:: WHAT YOU WILL DO ::
Set the pictures aside and write down, exactly as they appear, the lines from the one containing "#BhashiniWednesday @_BHASHINI @amitabhnag" through the end of the material.

:: DATASET CONTENT ::

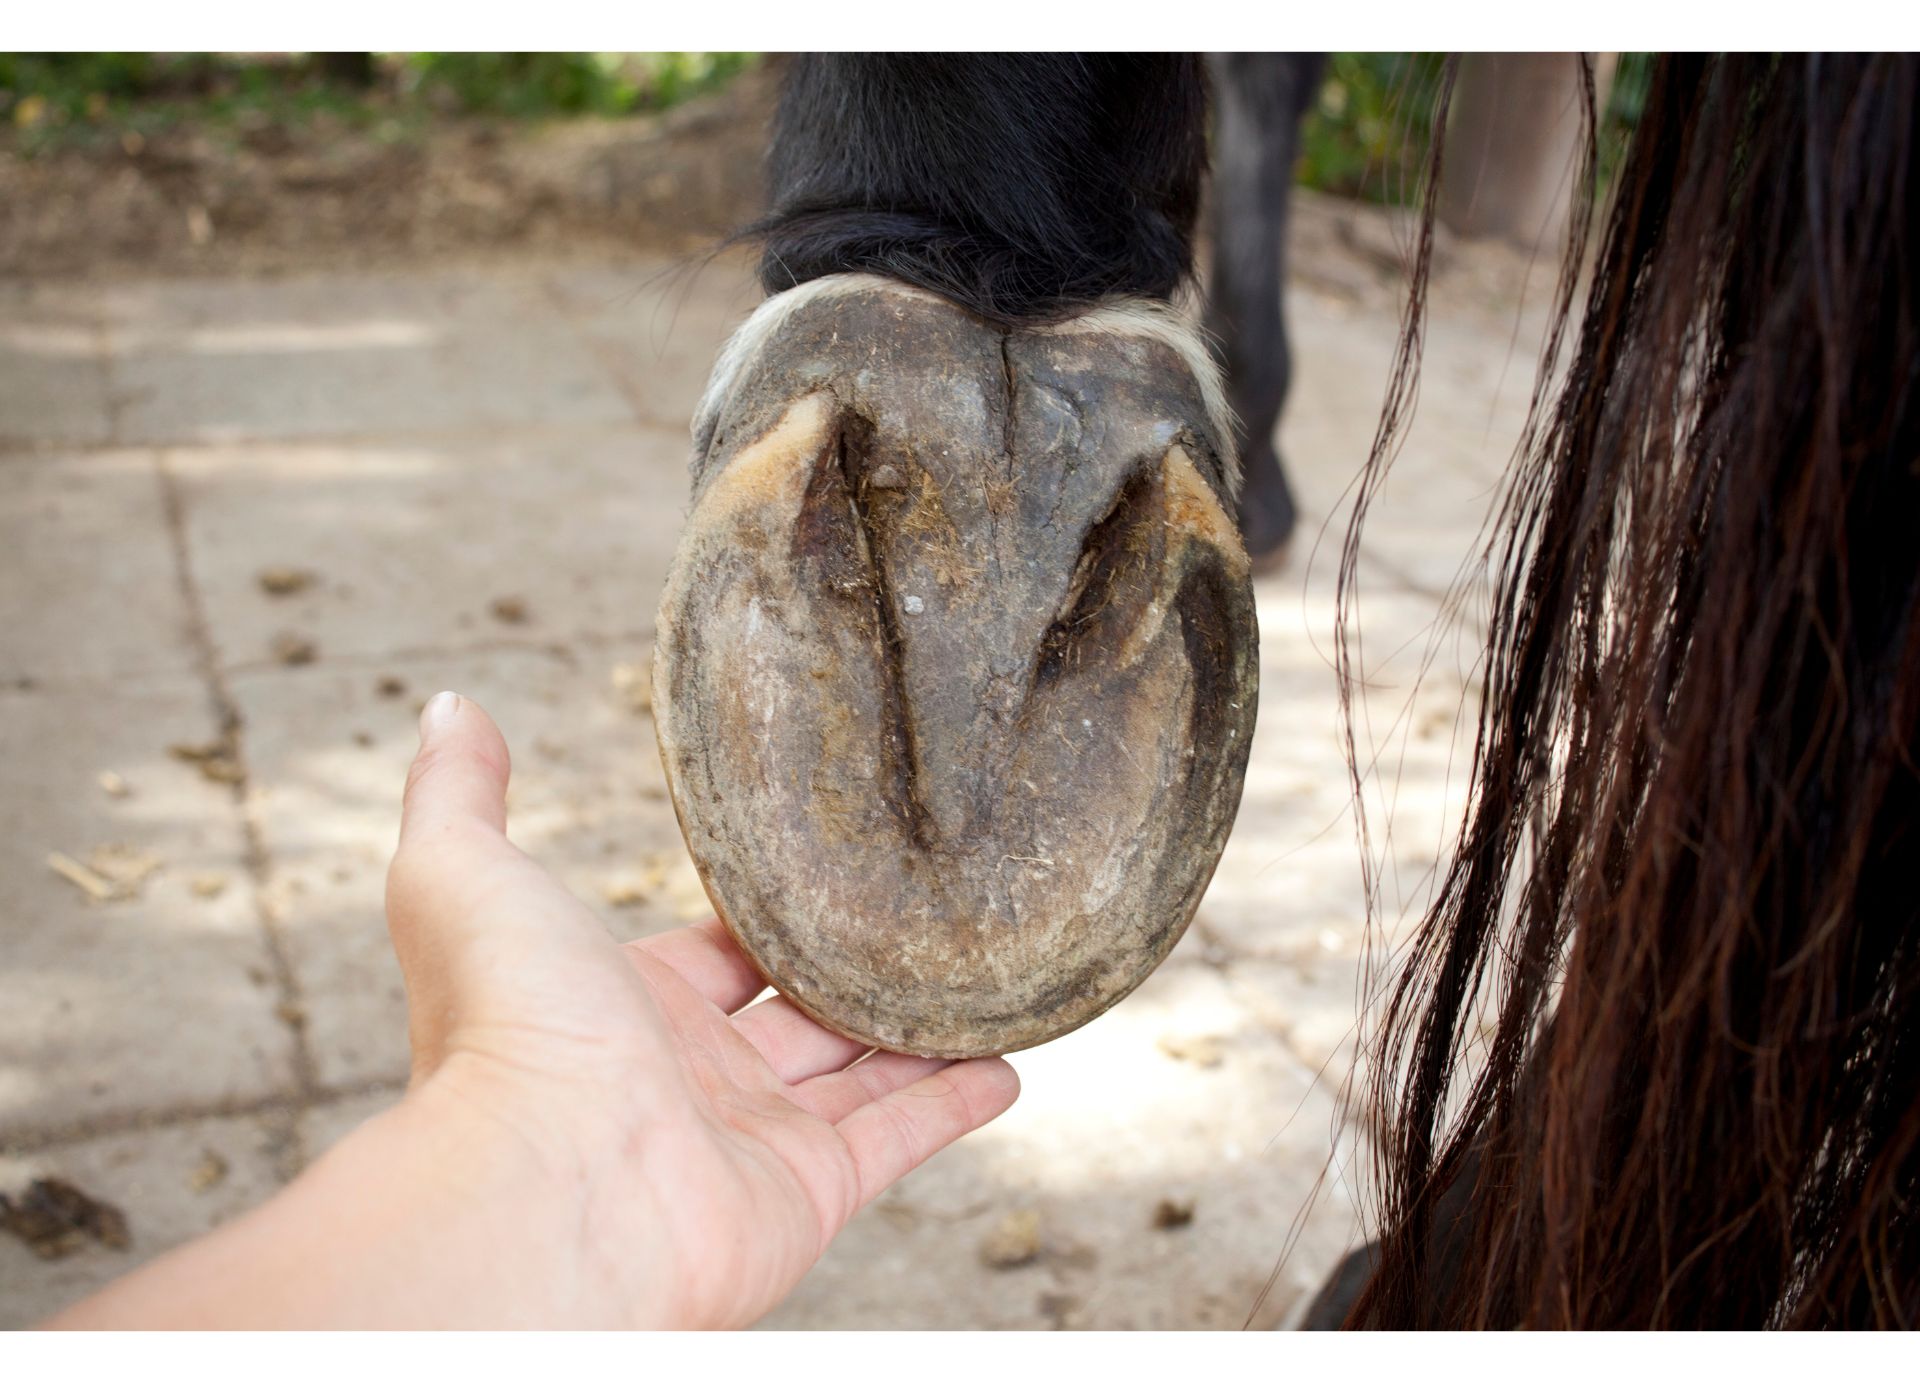 Barefoot hoof without shoe
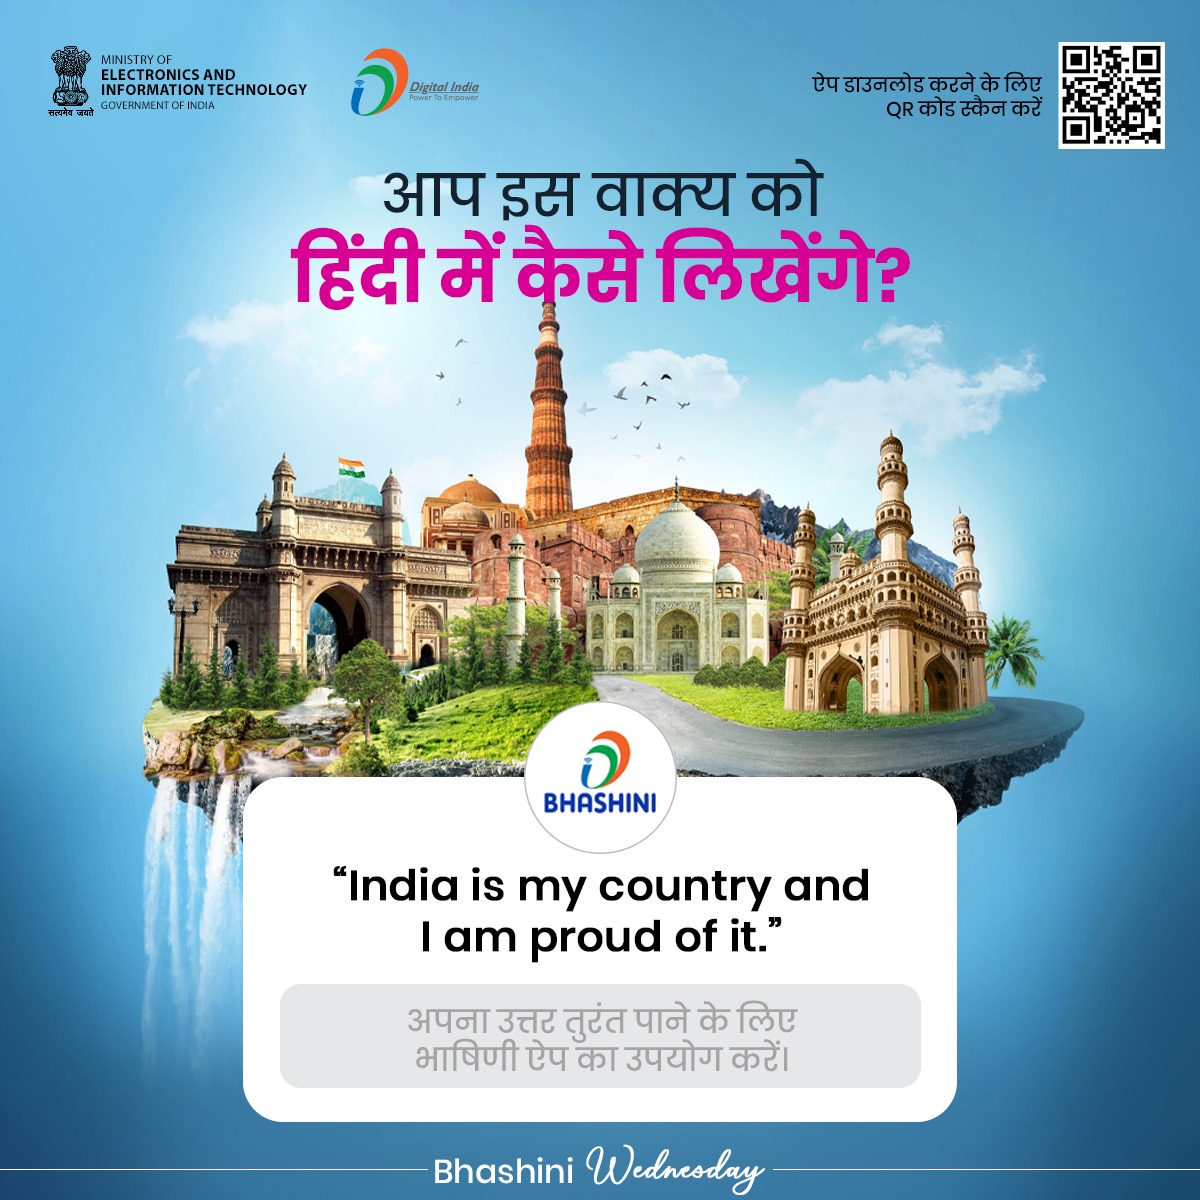 🌟Write the correct answer🌟 Use the text-to-text translation service on the Bhashini app, the made-in-India solution that is breaking language barriers across the country. Visit bhashini.gov.in #DigitalIndia #BhashiniWednesday @_BHASHINI @amitabhnag
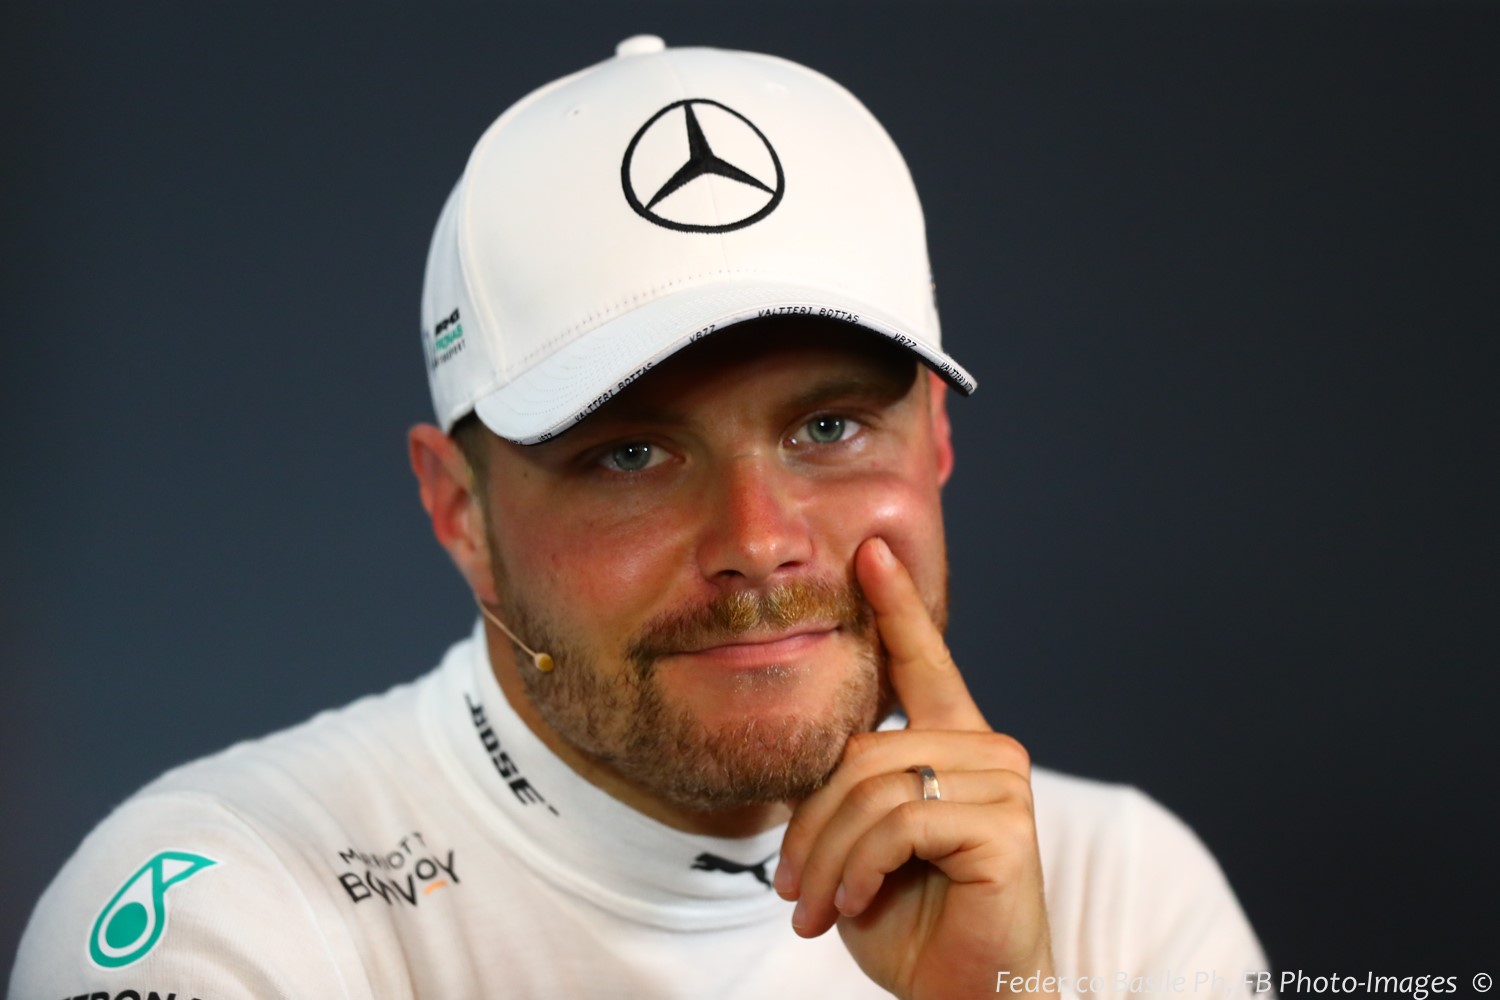 Now that he has divorced his wife, Bottas has no distractions and is fully focused on winning

:: WRITTEN ANSWER ::
 🌟Write the correct answer🌟 Use the text-to-text translation service on the Bhashini app, the made-in-India solution that is breaking language barriers across the country. Visit bhashini.gov.in #DigitalIndia #BhashiniWednesday @_BHASHINI @amitabhnag
 Now that he has divorced his wife, Bottas has no distractions and is fully focused on winning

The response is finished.